#### Required action:
What needs reproducing is the run of lines in the data below starting at the line with "Vernon Marching Band design 6 Scarf" and ending at the line with "Bar chart showing", both ends included. Copy it exactly, without pictures, and add nothing.

#### Task material:
-.-.-

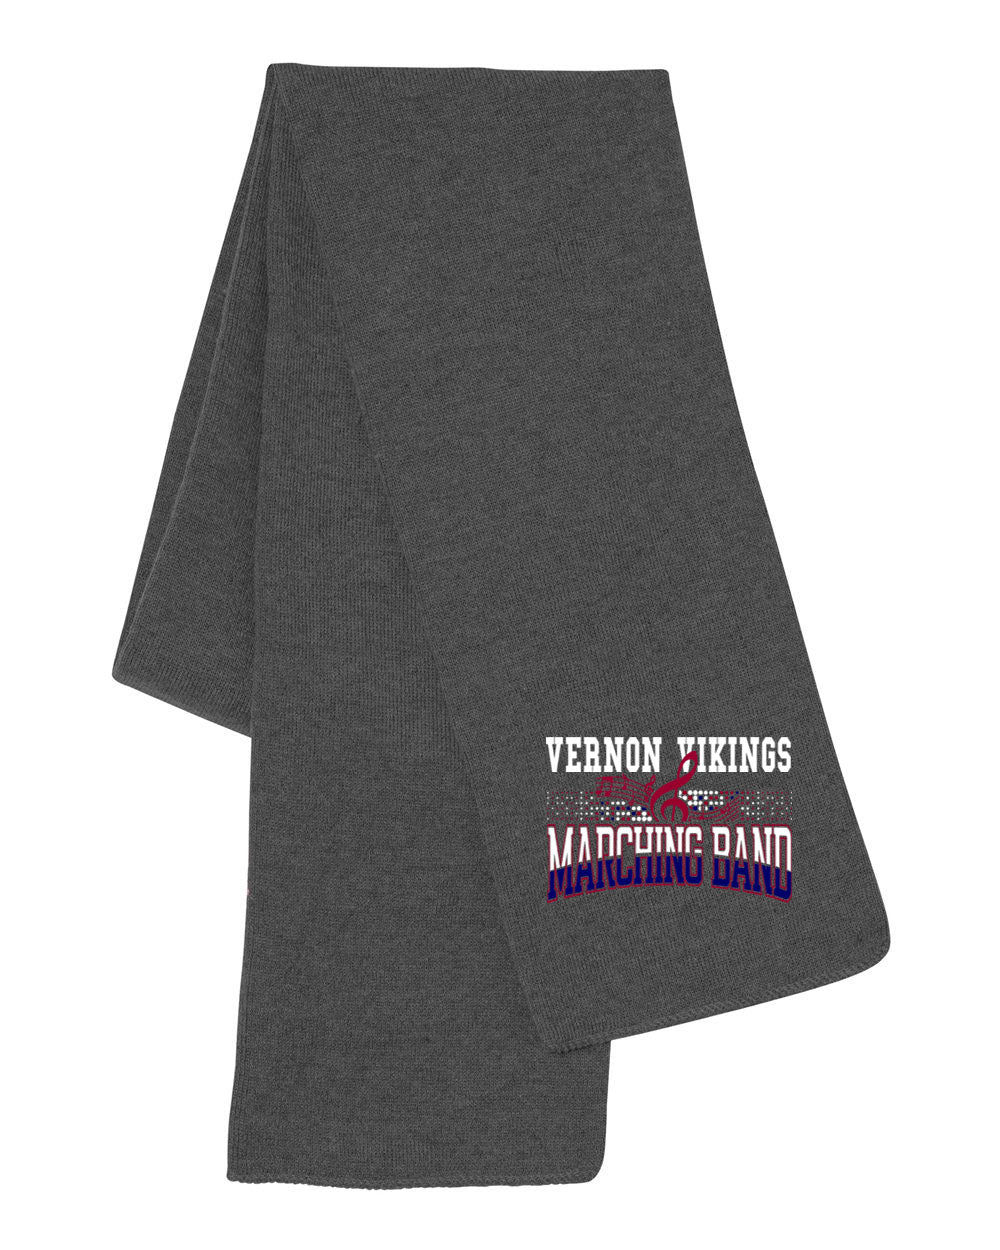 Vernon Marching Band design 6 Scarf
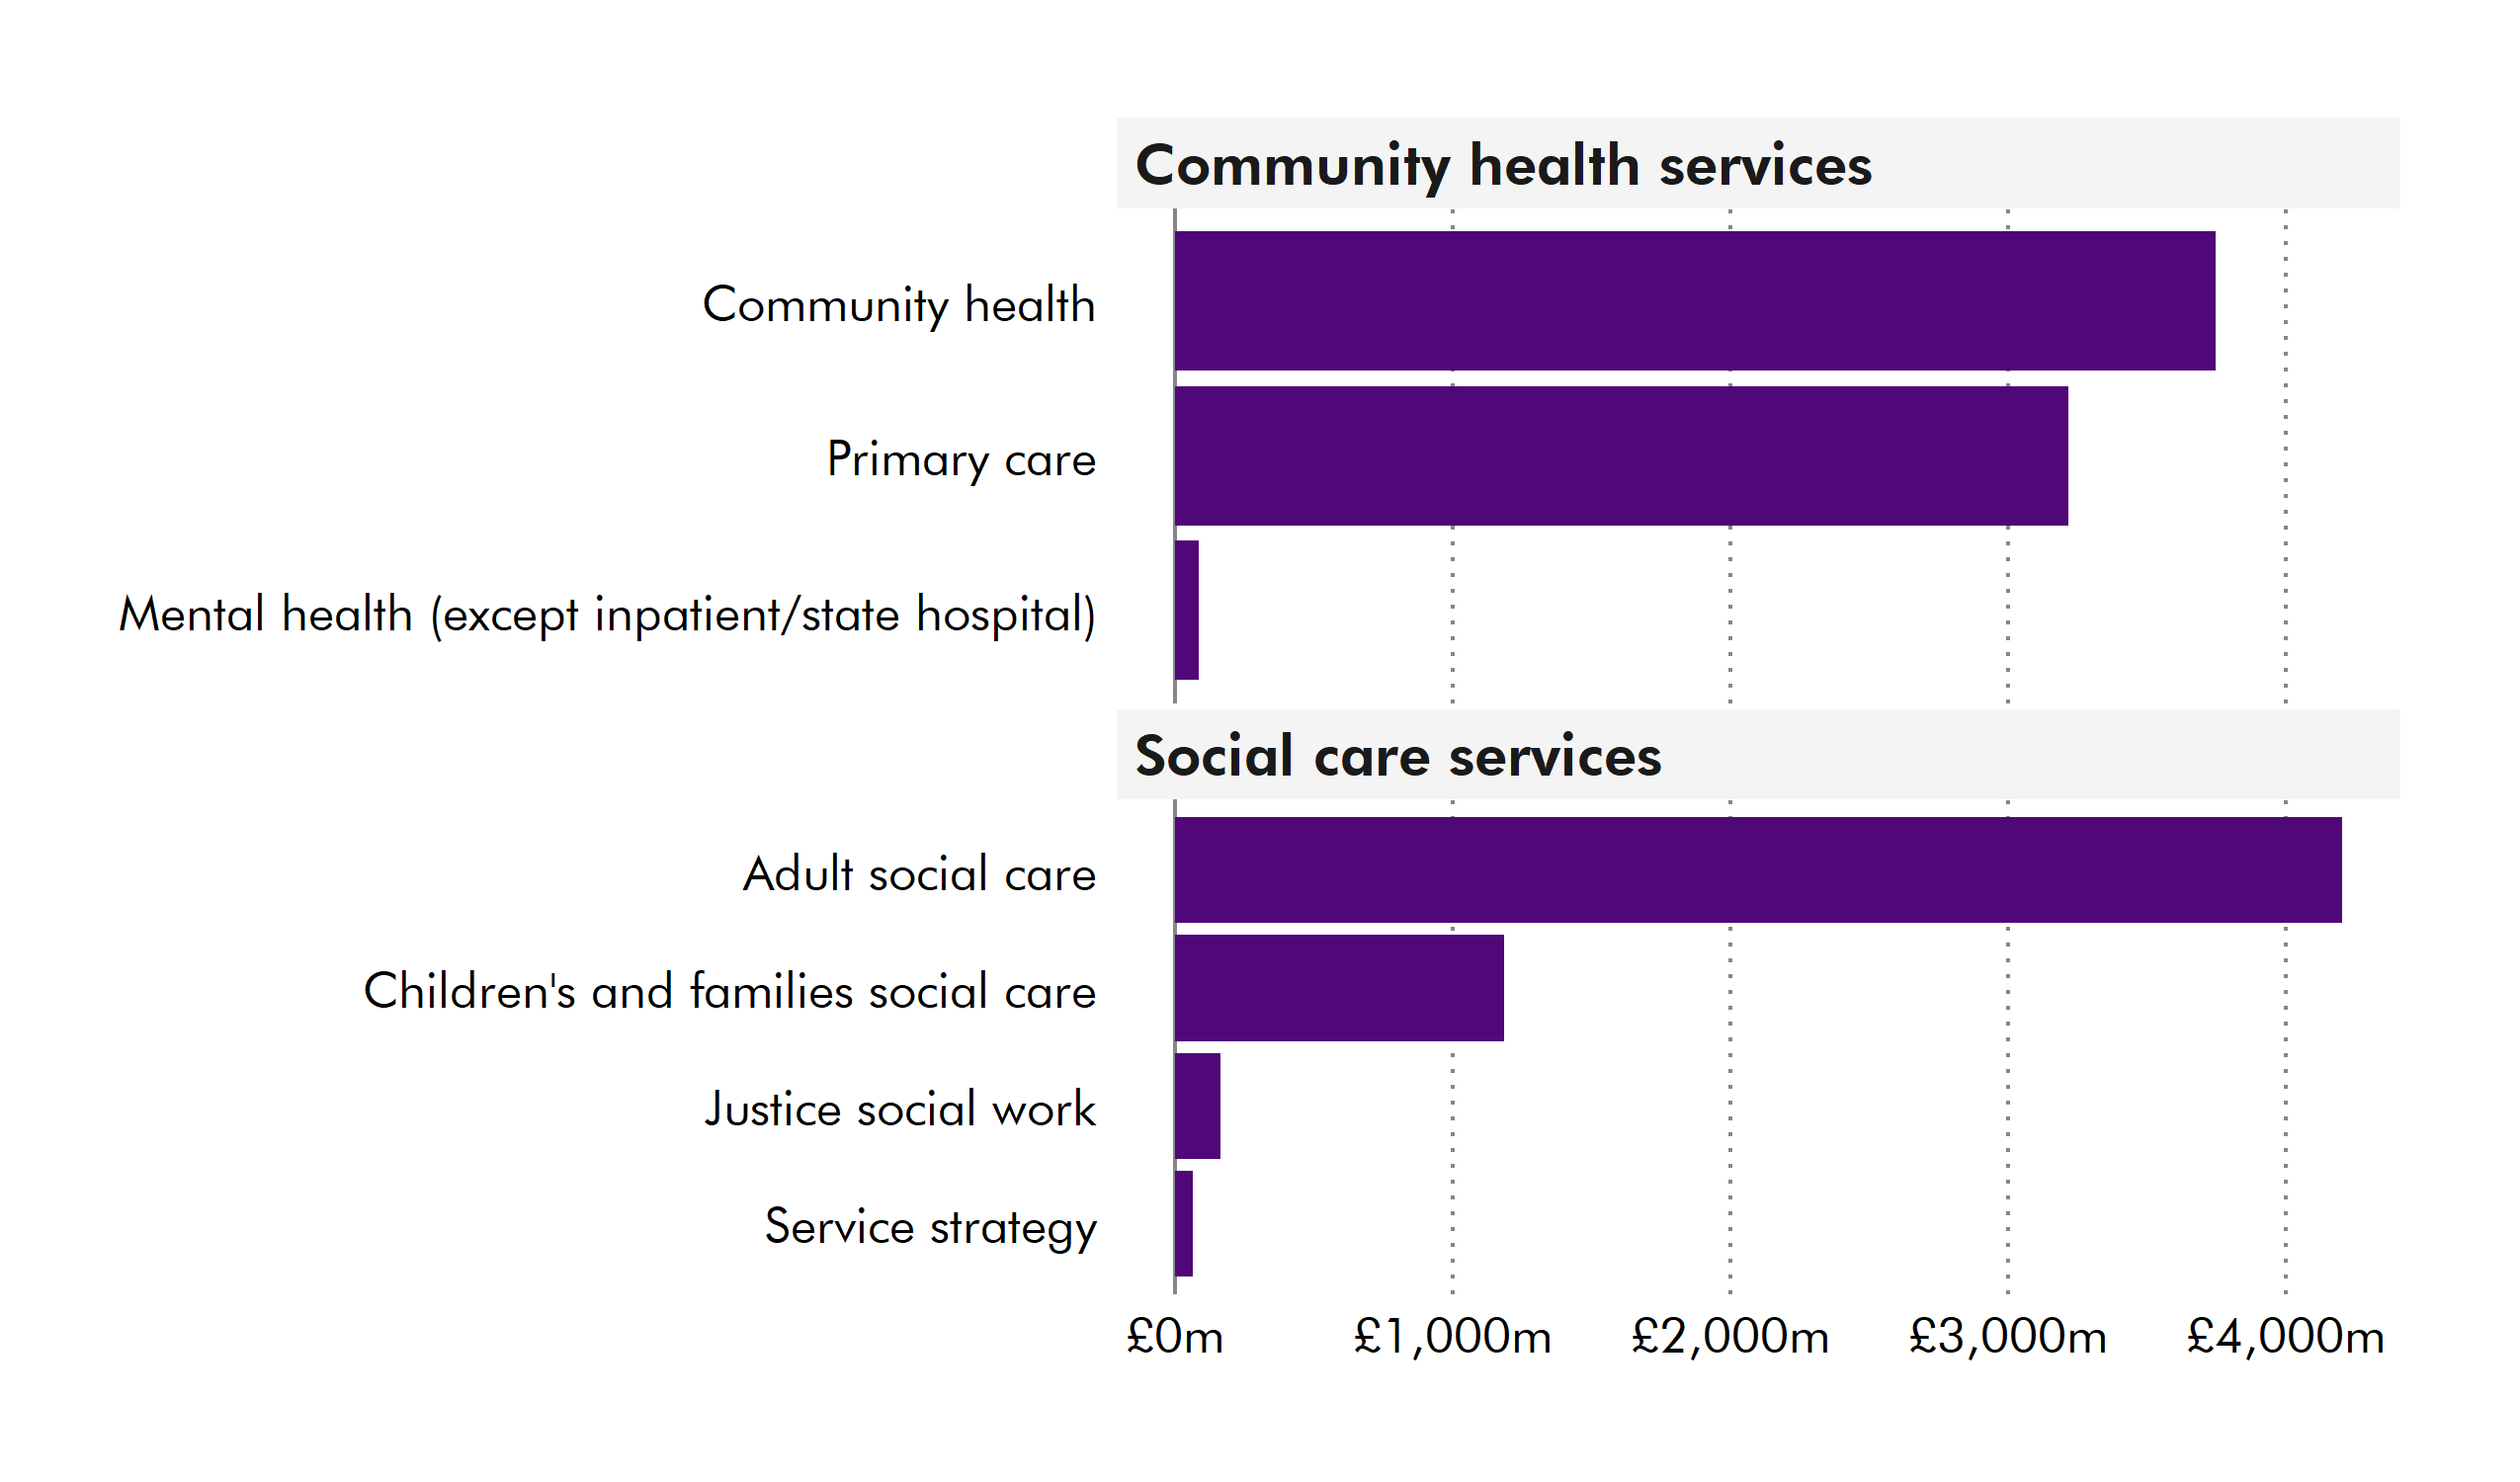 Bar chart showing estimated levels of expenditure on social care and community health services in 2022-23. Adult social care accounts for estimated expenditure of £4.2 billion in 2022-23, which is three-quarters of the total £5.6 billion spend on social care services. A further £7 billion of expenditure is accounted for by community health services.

-.-.-

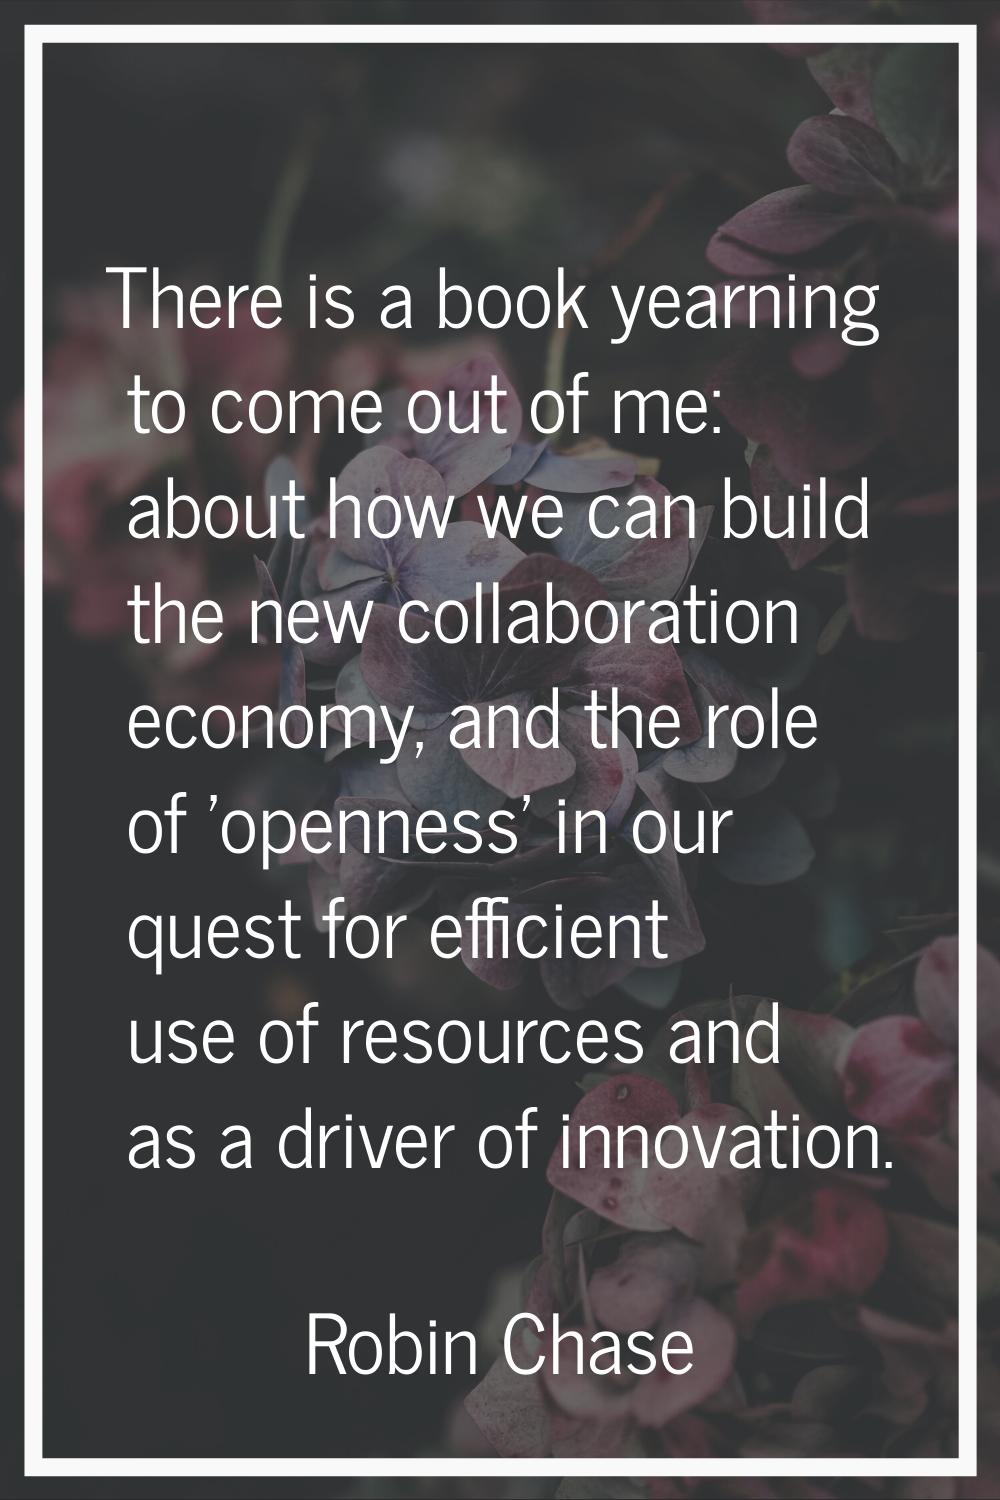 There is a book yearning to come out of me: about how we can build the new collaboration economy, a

-.-.-

#### Result for this task:
 Vernon Marching Band design 6 Scarf
 Bar chart showing estimated levels of expenditure on social care and community health services in 2022-23. Adult social care accounts for estimated expenditure of £4.2 billion in 2022-23, which is three-quarters of the total £5.6 billion spend on social care services. A further £7 billion of expenditure is accounted for by community health services.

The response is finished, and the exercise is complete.